In 2004 I transferred to Japan, and during the two years I was there I kept in touch with Lisa regularly.  Just about every Saturday morning I would trek over to the Internet cafe on base to do two things: call my family and write Lisa an email.  On a weekend trip up to Nago Pineapple Park on Okinawa, I gathered up a bunch of pineapple trinkets and sent them to Lisa (the inaugural name for Lisa’s blog was actually “Ramblings of a Pineapple Enthusiast”).  When I left the military in 2006 and moved back to NJ, Lisa and I would get together whenever she was home and go for a run on the Belmar boardwalk or the running track in our hometown municipal complex.  I drove down to Virginia Beach one weekend in 2007 to visit her, and we went to a Shins concert at The Norva and bought each other T-shirts (I still have mine, but since the only size available at the concert was small (not a problem for Lisa), it was converted into a dust rag a couple of years ago).  We hung out with a couple of her friends in Virginia Beach (in my usual way of remembering dogs more than people, I don’t remember the friends’ names, but I remember that they had a boxer), and one of the friends told me in a sidebar conversation that Lisa always got him an “A” when she edited his college papers.  We agreed that she was the best writer and editor we’d ever met.  To me, she still is.
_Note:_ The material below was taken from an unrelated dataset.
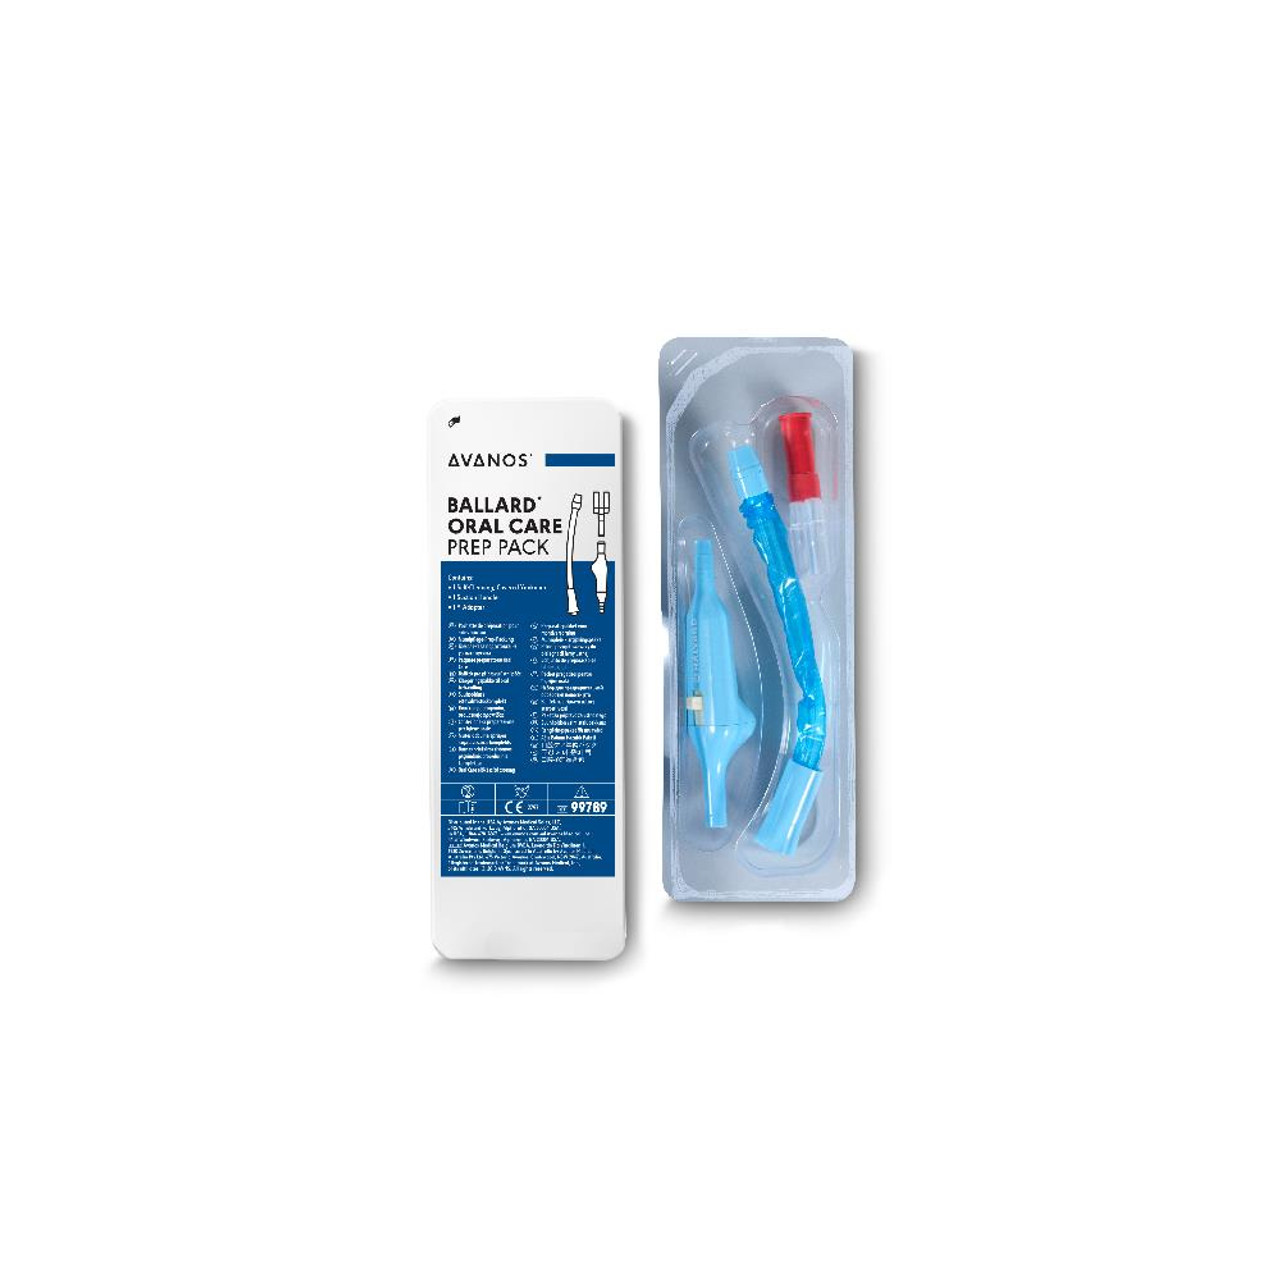 Avanos Oral Care Prep Pack Includes: Covered Yankauer, Suction Handle, "Y" Connector, 40/cs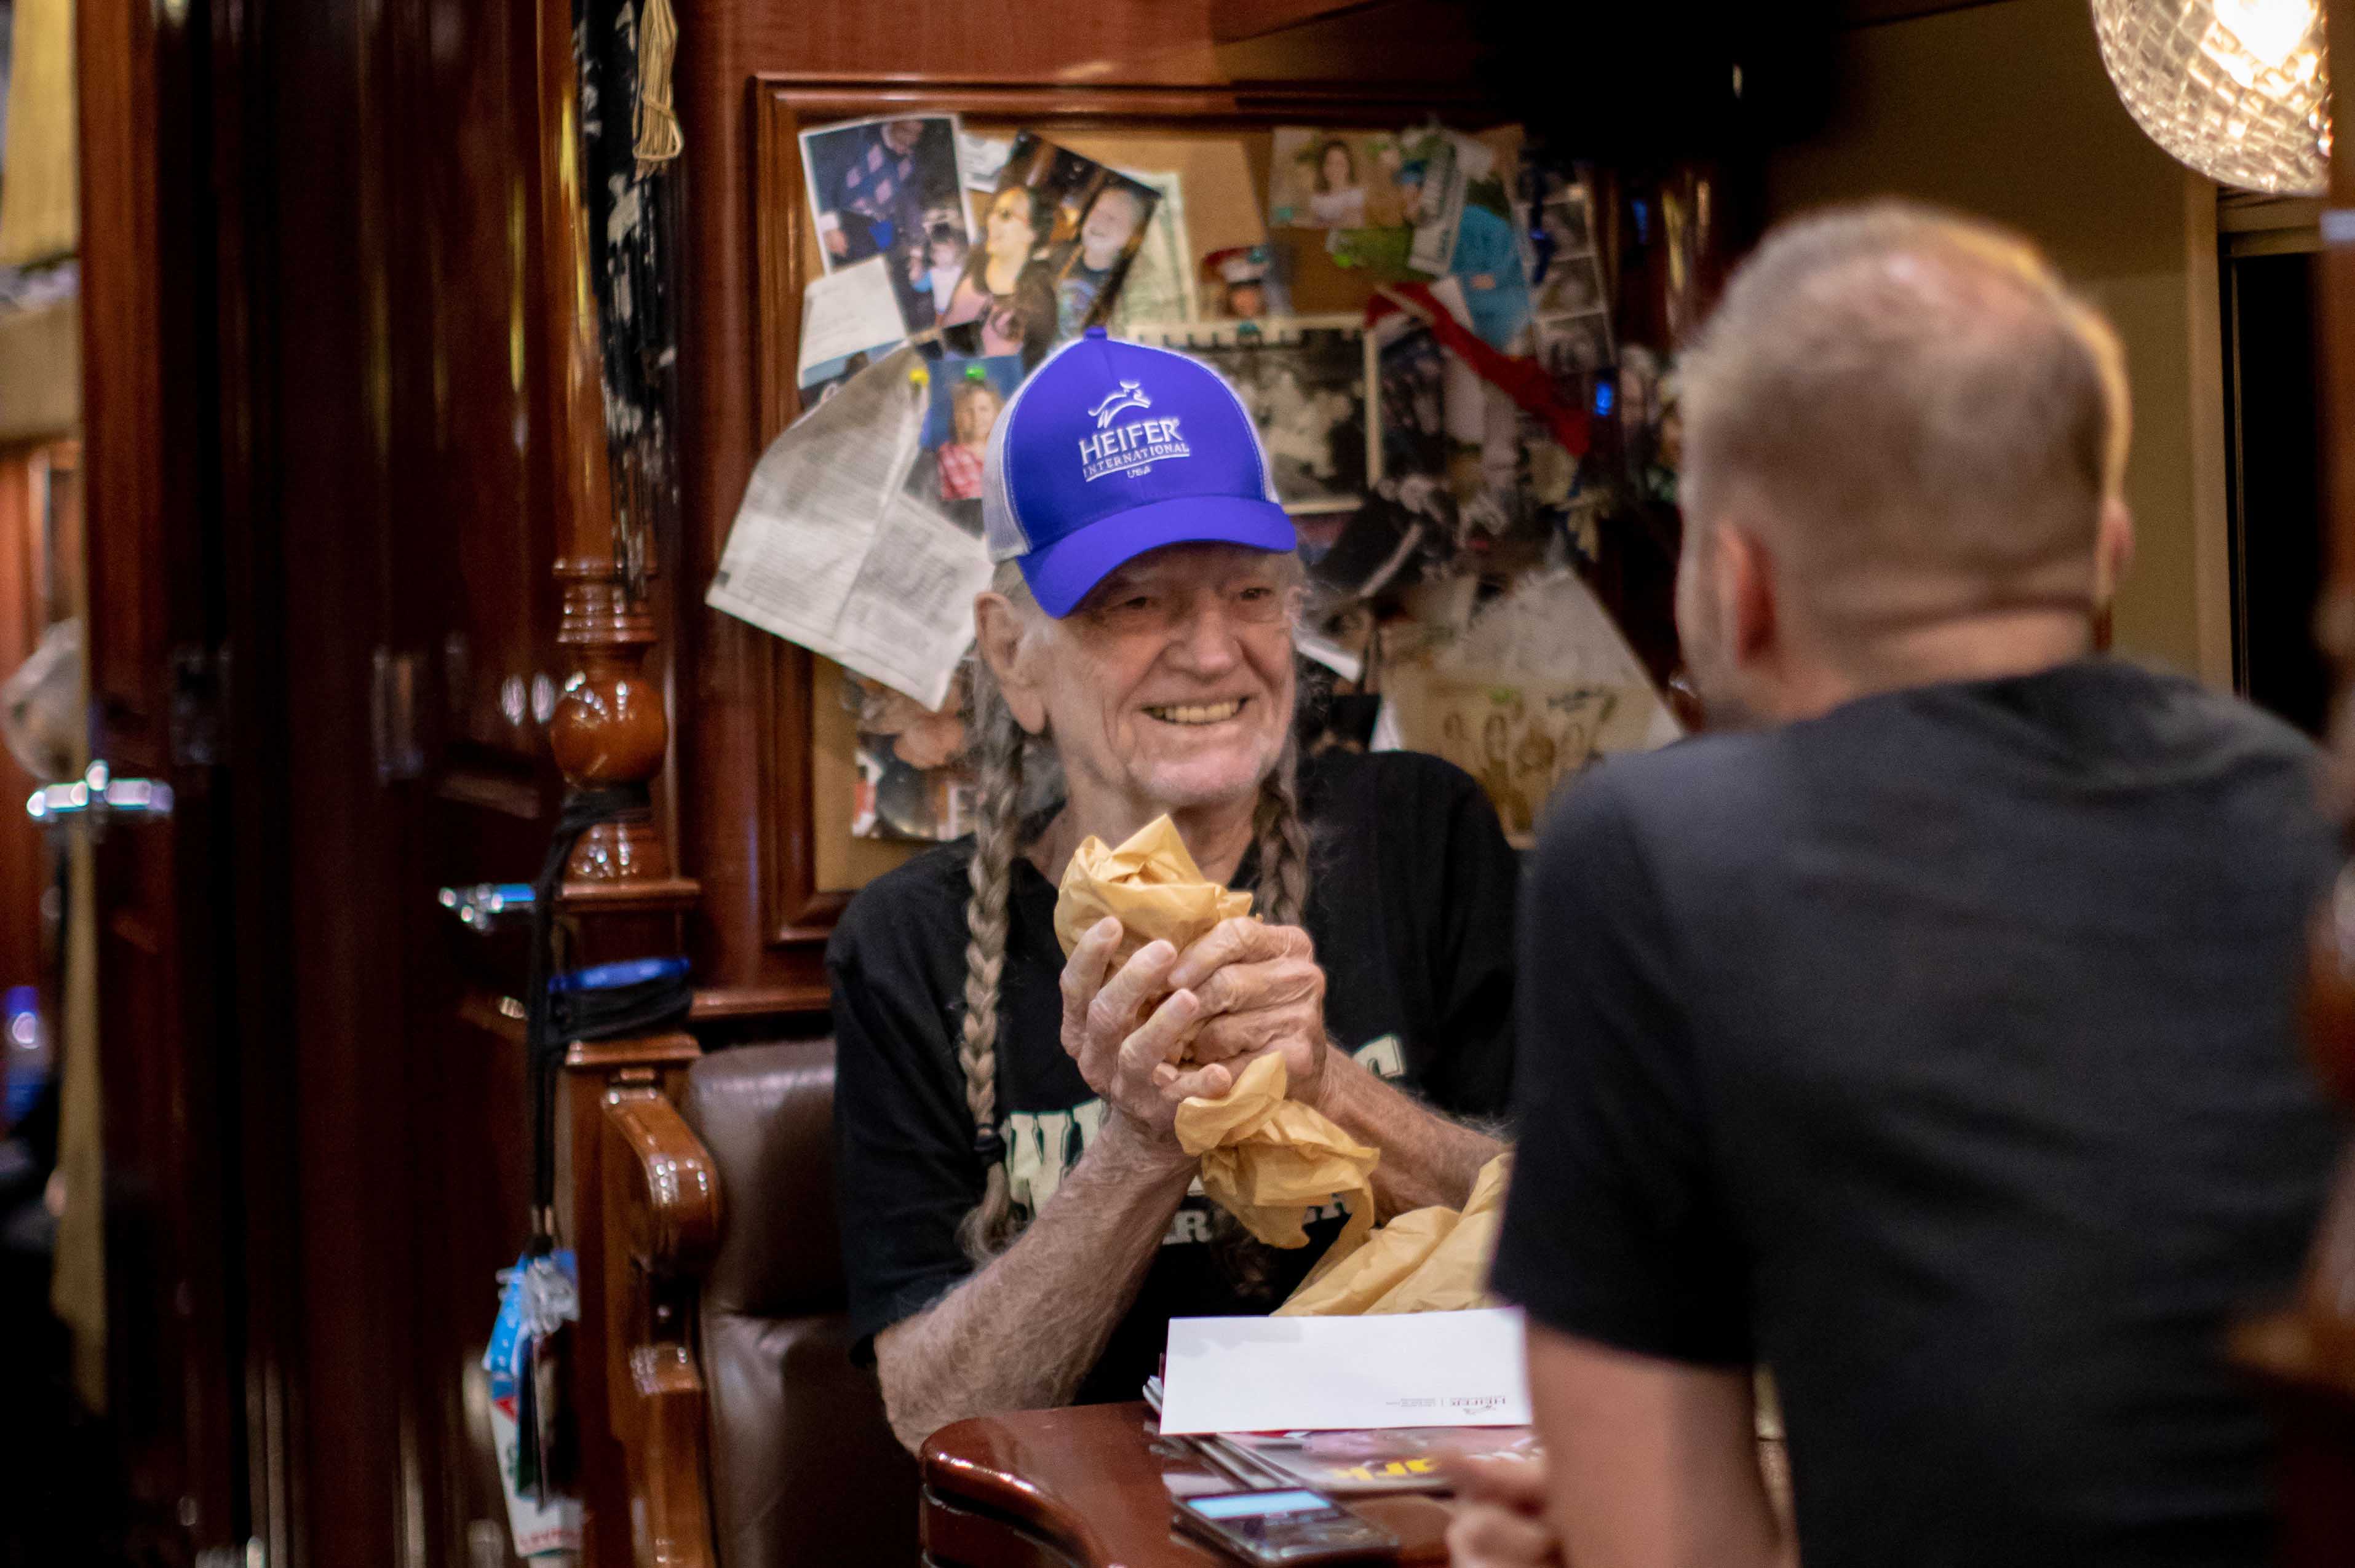 Writer and editor extraordinaire Jason Woods interviews Willie Nelson in August 2018

I went back to her old LiveJournal to refresh my memory for this guest post (we both started LiveJournals in 2003 — Lisa kept up with hers, and I think mine fizzled out after post #2), and as I was clicking through her post archive, memories started flooding back.  I laughed out loud at these two conversations Lisa had with her brother, Stephen: (1) “An Intelligent Conversation With My Brother”; and (2) “An Update on Stephen Getting a Job.”  Her early 2004 posts about her little cousins are all great (the guest post that her little cousins submitted last week is a must-read).  I think my all-time favorite post, though, is one Lisa wrote on Memorial Day weekend in 2004.  It captures everything about summer at the Jersey Shore that I love and miss.

If you’re reading this, you’re probably a fellow fan of Lisa’s blog, and you don’t need to be assured that it’s worth your time to keep reading.  For anyone who hasn’t been fortunate enough to meet Lisa in person, and only knows her as a two-dimensional Internet person, please accept my assurance that the person behind the blog is just as smart, funny and awesome (and fashionable) as you know her to be here.  Happy 10-year anniversary, Lisa!  Keep writing!